6.2. Quality and Performance

The identification of the POIs was very good, demonstrating the quality of the suggested solution, as was evident from the small number of attempts to identify a POI and the small number of errors. While the response time was generally satisfactory for most users, it was identified as an area for potential improvement, as about a third of the participants noted the need for a quicker system response. Improving the application’s responsiveness could further enhance the user experience, minimizing moments of frustration or disengagement. One possible solution for the process is optimizing the search by considering the visitor’s movement history, searching for POIs in the visitor’s vicinity, and considering the visitor’s direction.

6.3. Usability

The System Usability Scale (SUS) score of 87.08, categorized as “Excellent,” is a strong indicator of the application’s high usability. This score not only reflects the ease with which participants navigated the application but also suggests that the application requires minimal effort to learn and use, which is crucial for user adoption and satisfaction. The SUS score places the application in the top tier of systems, making it highly competitive in the realm of digital tools designed for museum environments or similar contexts.

The positive responses from participants underscore the success of the application in delivering a user-friendly experience that is accessible even to those who might typically struggle with technology.

6.4. Users’ Comfort

Comfort, both physical and cognitive, is another critical aspect of user experience. The experiment’s results indicate that the application successfully provided a comfortable user experience, with users able to easily interact with the system and understand its functionality. The fact that 29 out of 30 participants found the location search initiation cues to be clear and that all participants understood when their location was identified underscores the clarity and accessibility of the application’s interface.
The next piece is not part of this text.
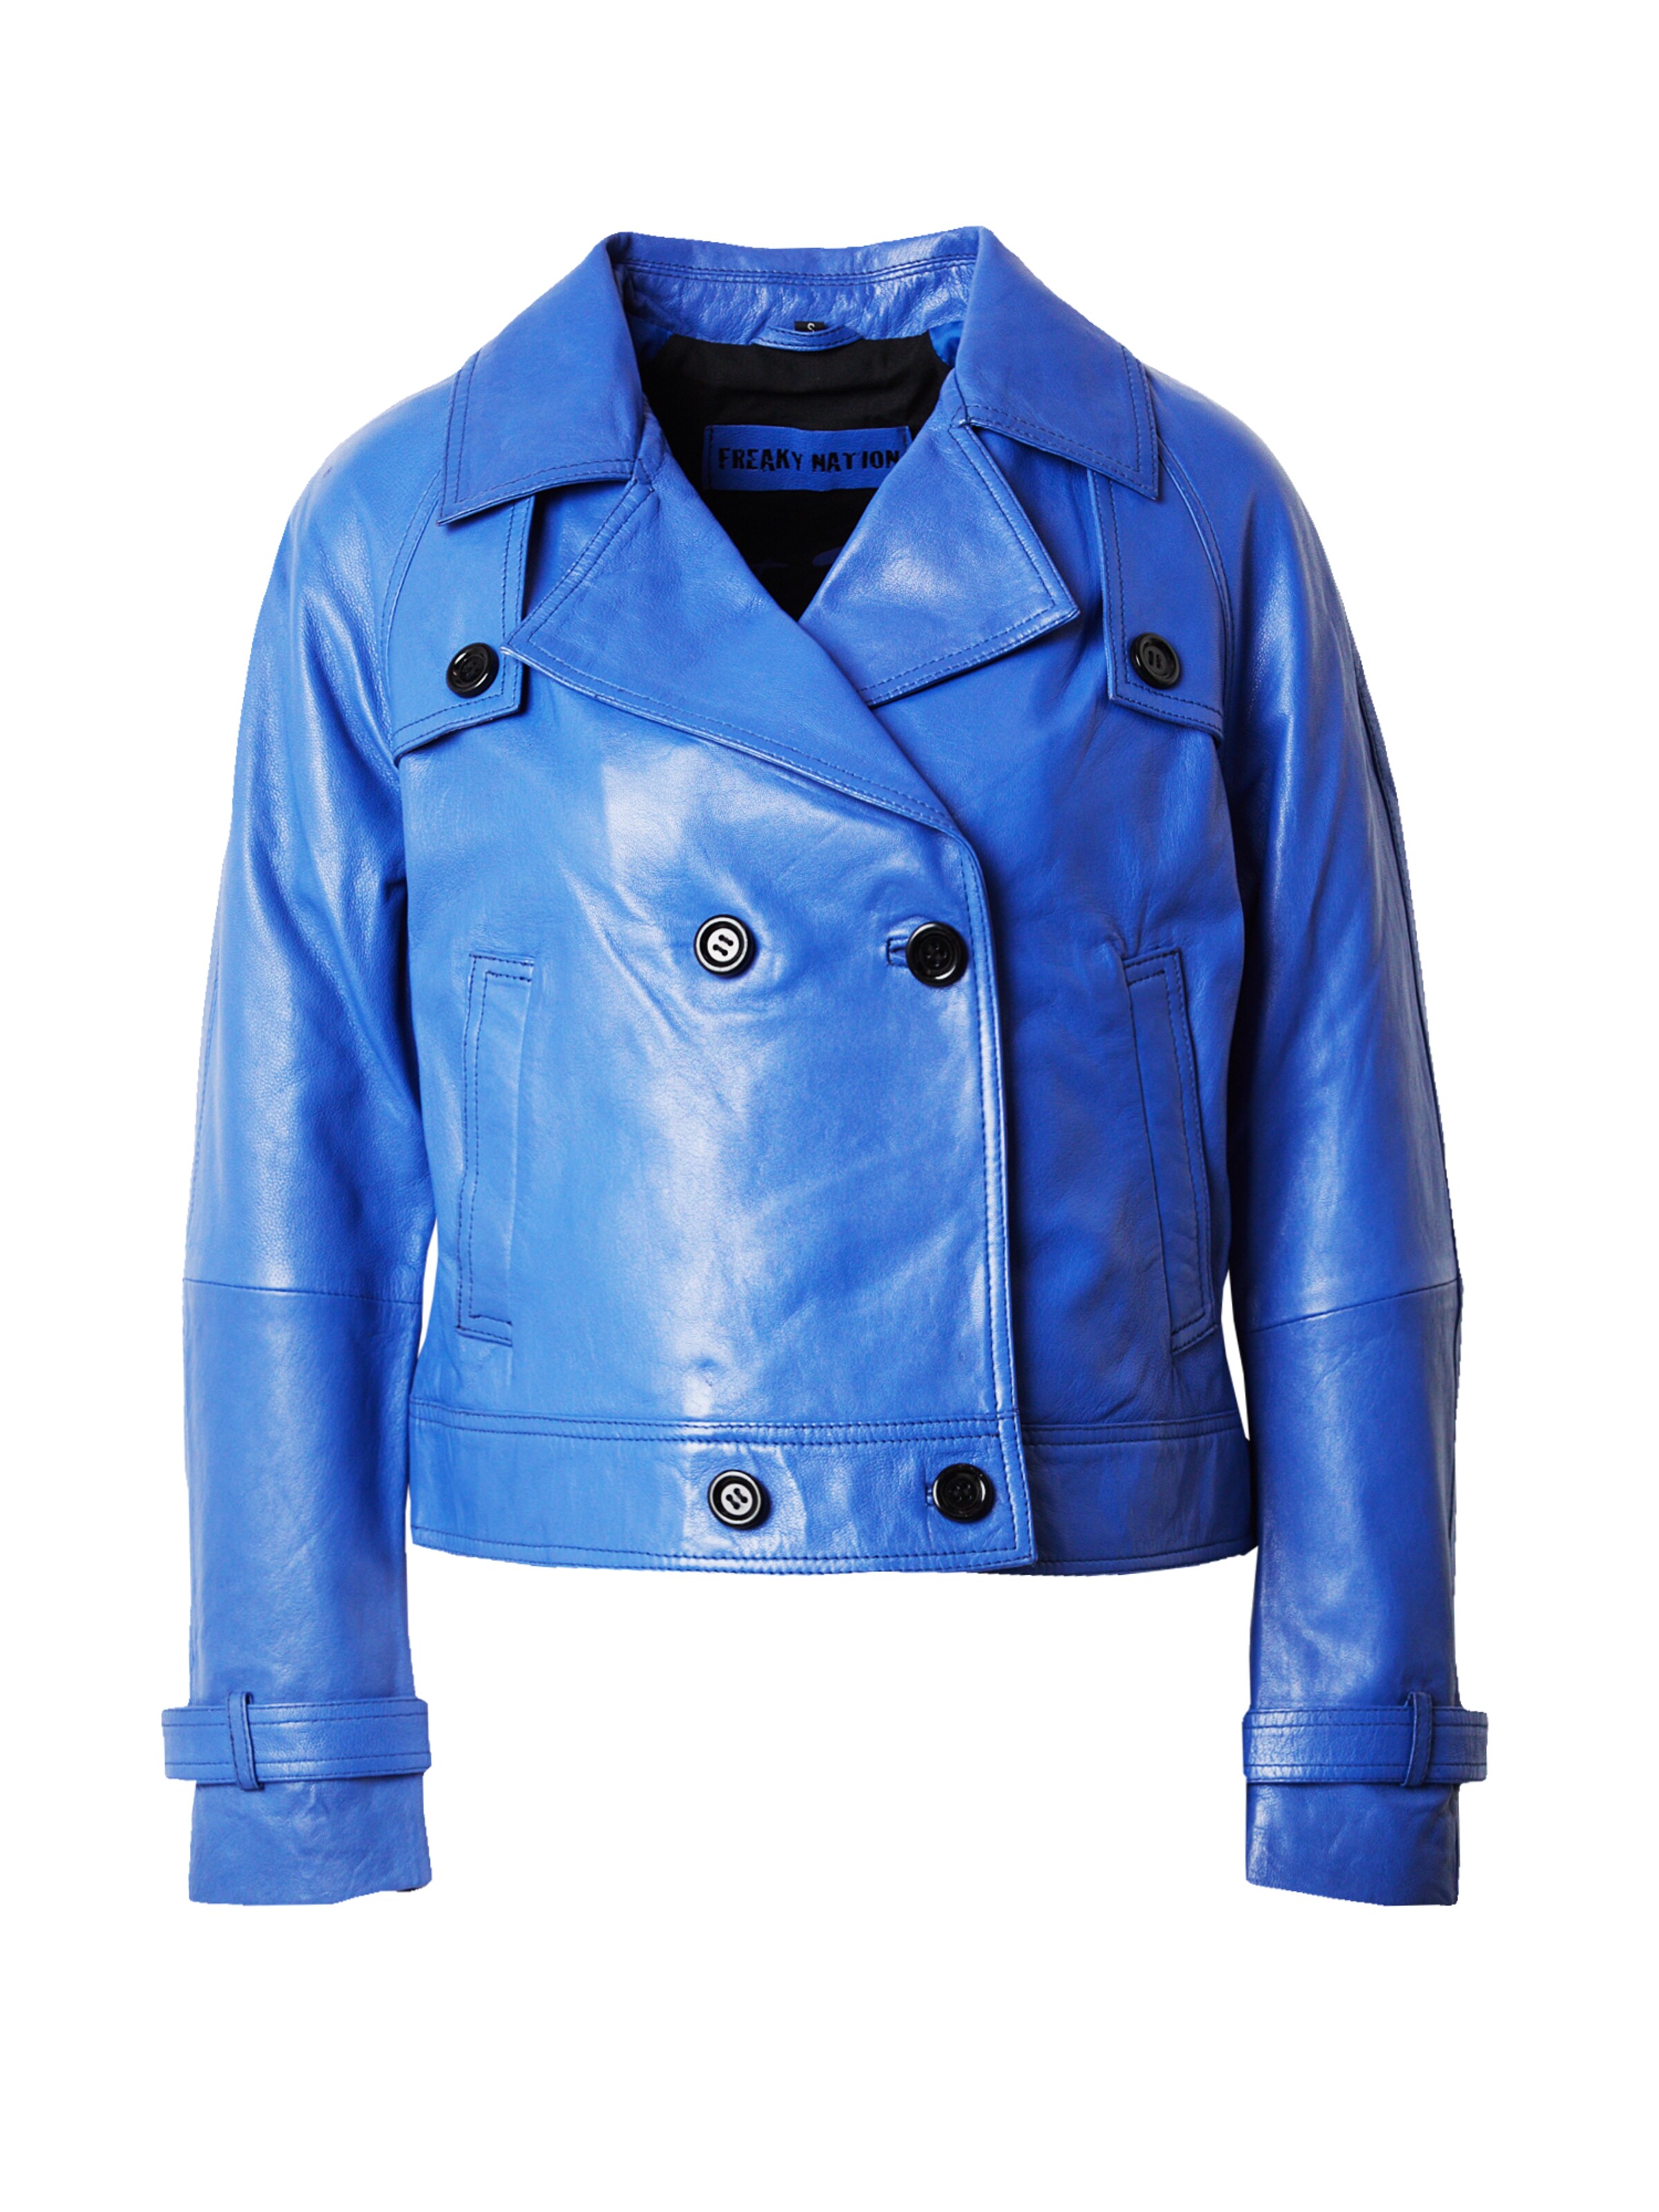 Royal Blue Bomber Jacket | Free Shipping | Leatherings

6.5. Enjoyment and Engagement

The experiment highlighted the application’s success in engaging users, as demonstrated by the active participation and the generally positive feedback. The application not only facilitated an informative and enjoyable experience but also encouraged participants to explore the museum in greater depth. Comments like “Encouraging to visit the museum” suggest that the application has the potential to significantly enhance visitor engagement and satisfaction, which is a key goal of the solution.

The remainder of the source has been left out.